Tatsächlich haben die Konkurrenten Biontech und Moderna ihre Impfstoffe wesentlich gründlicher an Senioren erprobt. Biontech hat 18 000 Personen über 55 Jahren in seine Studie aufgenommen, das waren 40 Prozent der Teilnehmer. Aufgrund des angestrebten Einsatzgebiets haben die Wissenschaftler auch darauf geachtet, Tests an bettlägrigen Pflegeheimbewohnern durchzuführen. Biontech konnte daher vergleichsweise guten Gewissens eine Wirksamkeitsrate von 94 Prozent für die Hauptzielgruppe verkünden, während Astra-Zeneca hier bis heute etwas unklar bleibt. Daher ist es tatsächlich möglich, dass die europäische Arzneibehörde EMA die Zulassung für Senioren nun in Frage stellt.

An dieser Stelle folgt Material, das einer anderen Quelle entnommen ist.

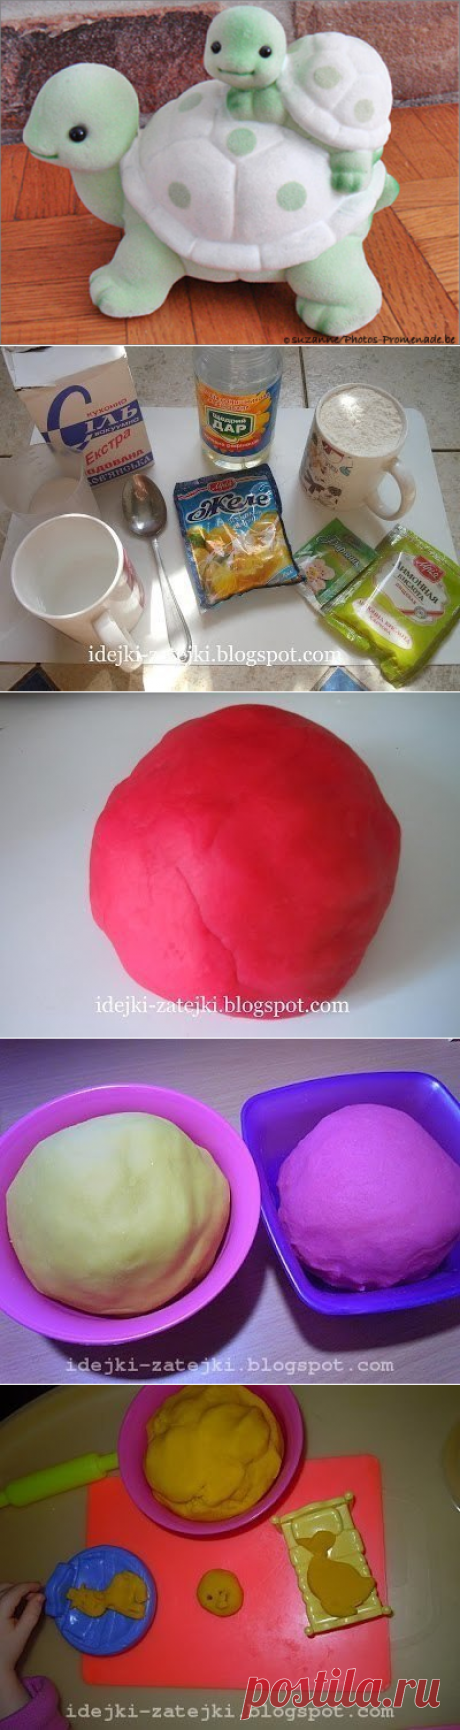 Рецепт желейного теста для лепки по типу Play-Doh.

Astra-Zeneca selbst wehrte sich derweil vehement gegen Unterstellungen, der Impfstoff sei fast unwirksam und die Zulassung in Großbritannien sei zu Unrecht erfolgt. Eine Sprecherin verwies auf Daten aus der zweiten Studienphase vom November. Das Immunsystem der älteren Teilnehmergruppe habe zuverlässig auf den Wirkstoff angesprochen. Der Handelsblatt-Bericht sei „völlig falsch“.
Spahn verteidigte im „Morgenmagazin“des ZDF das Vorgehen der Regierung und die Zusammenarbeit mit den Herstellern. „Impfstoffe herzustellen ist das Anspruchsvollste, was es für die Pharmaindustrie gibt.“Schließlich werden diese an Gesunde verimpft. Es sei von Anfang an zu erwarten gewesen, dass es Probleme und Unregelmäßigkeiten geben könne.